Suppose I have a table like this
+--------+--------+------+--------+---------+
| A | B | C | g | h |
+--------+--------+------+--------+---------+
| cat | dog | bird | 34.223 | 54.223 |
| cat | pigeon | goat | 23.23 | 54.948 |
| cat | dog | bird | 17.386 | 26.398 |
| gopher | pigeon | bird | 23.552 | 89.223 |
+--------+--------+------+--------+---------+
but with many more fields to the right (i, j, k, ...).

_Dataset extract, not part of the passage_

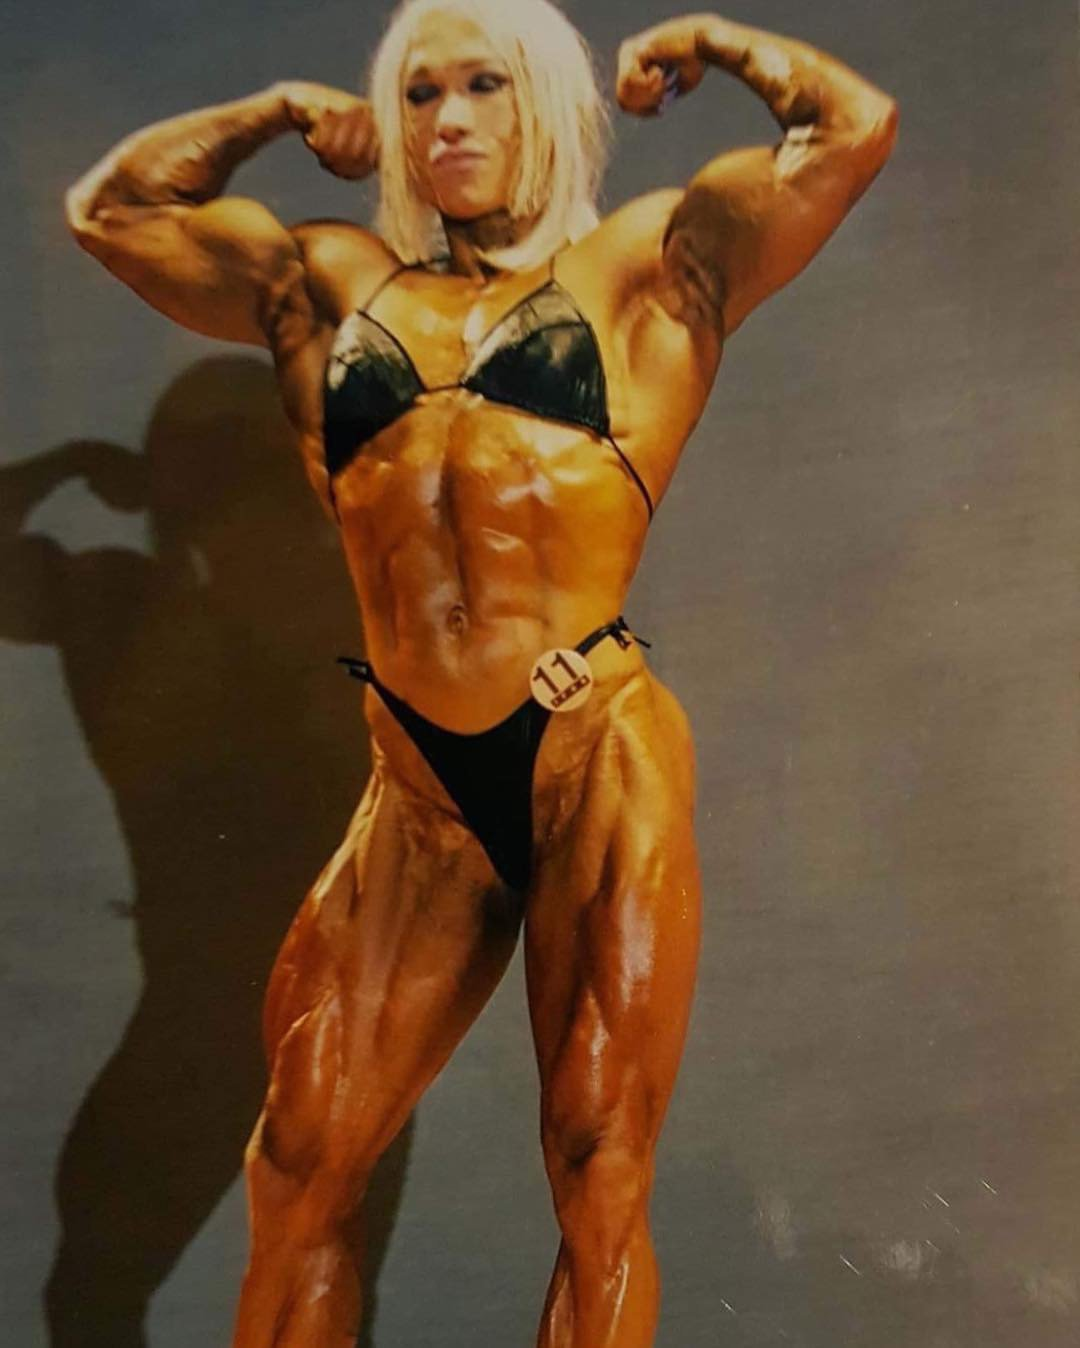 Inna Uit- ex world champion in womens bodybuilding - Media

I need a resulting table that looks like:
+-----+--------+------+-----+-----+-----+-----+-------+
| A | B | C | g | h | ... | z | count |
+-----+--------+------+-----+-----+-----+-----+-------+
| cat | dog | bird | xxx | xxx | | xxx | 23 |
| cat | pigeon | goat | xxx | xxx | | xxx | 78 |
+-----+--------+------+-----+-----+-----+-----+-------+
I would normally use a GROUP BY, but I don't want to have to repeat all of the column names (g, h, i, ... z).

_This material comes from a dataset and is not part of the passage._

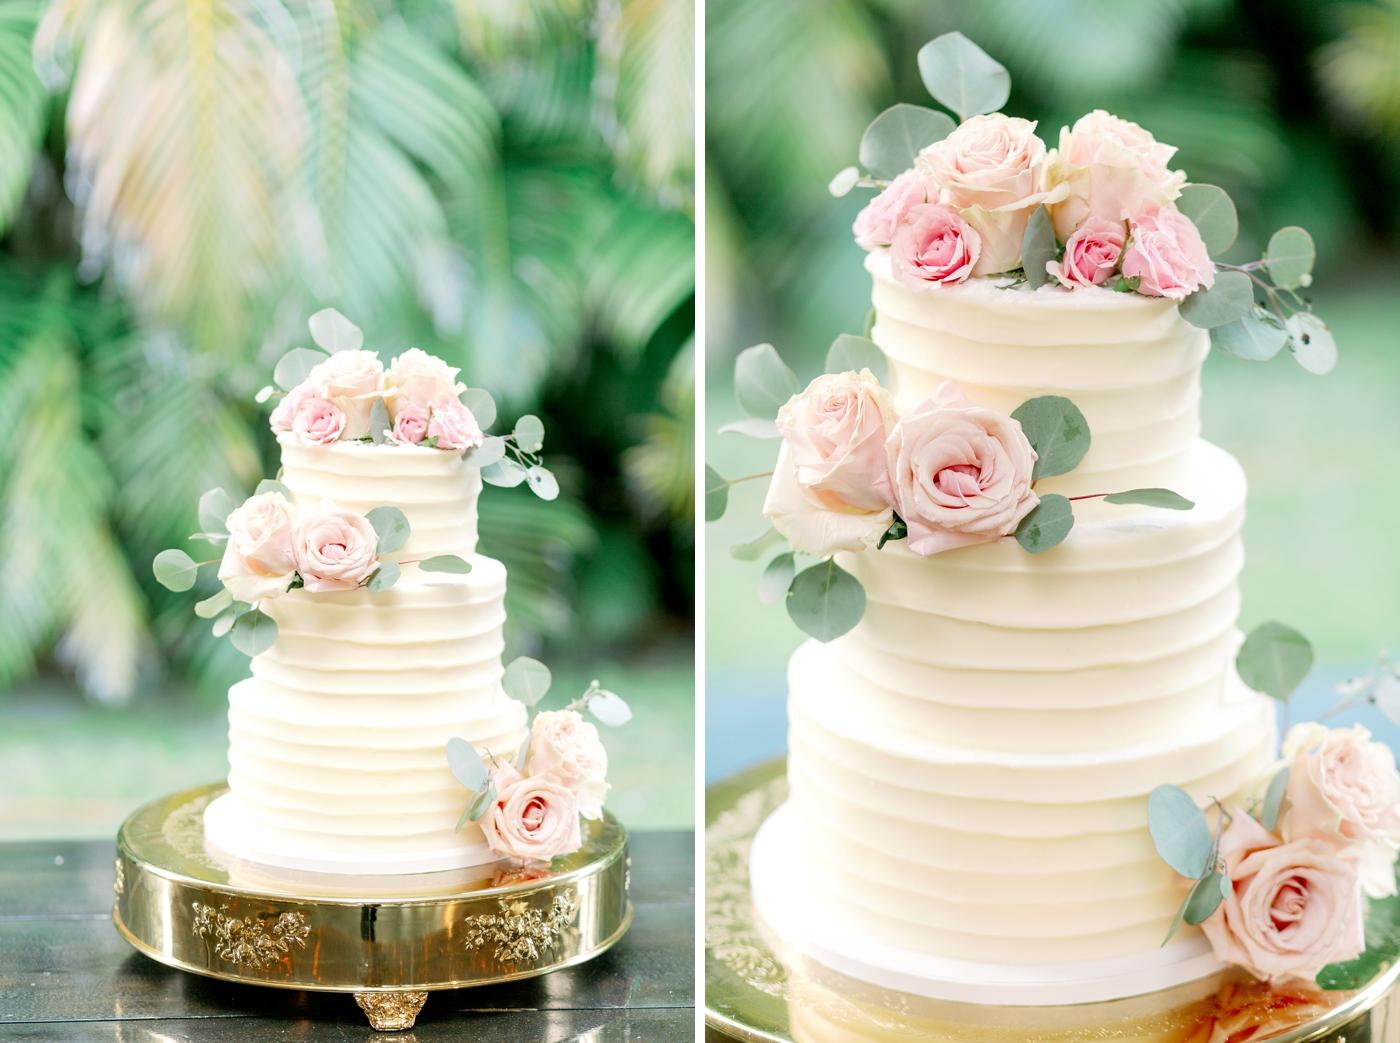 classy cupcakes

I can currently get the result I want using a window function combined with DISTINCT ON, but the query is very slow to run (500k+ records), and has a lot of duplication
WITH temp AS (
SELECT a, b, c, COUNT(*)
FROM my_table
GROUP BY a, b, C
)
SELECT DISTINCT ON (a, b, c) *, (
SELECT count
FROM temp
WHERE
temp.a = t.a
AND temp.b = t.b
AND temp.c = t.c
) as count
FROM my_table as t
ORDER BY a, b, c, x, y;
Is there a way to somehow get the count of the rows that were elimated with DISTINCT in a more efficient manner? Something like
SELECT DISTINCT ON (a, b, c)
*, COUNT(*)
FROM my_table
ORDER BY a, b, c, count;
Or am I taking the wrong approach to begin with?
Use COUNT()
with PARTITION BY
:
SELECT DISTINCT ON (a, b, c) *, COUNT(*) OVER (PARTITION BY a, b, c)
FROM my_table
You should probably also add an ORDER to your query if you care at all about the rest of the fields, otherwise the rows used to get the data displayed in those fields may be inconsistent.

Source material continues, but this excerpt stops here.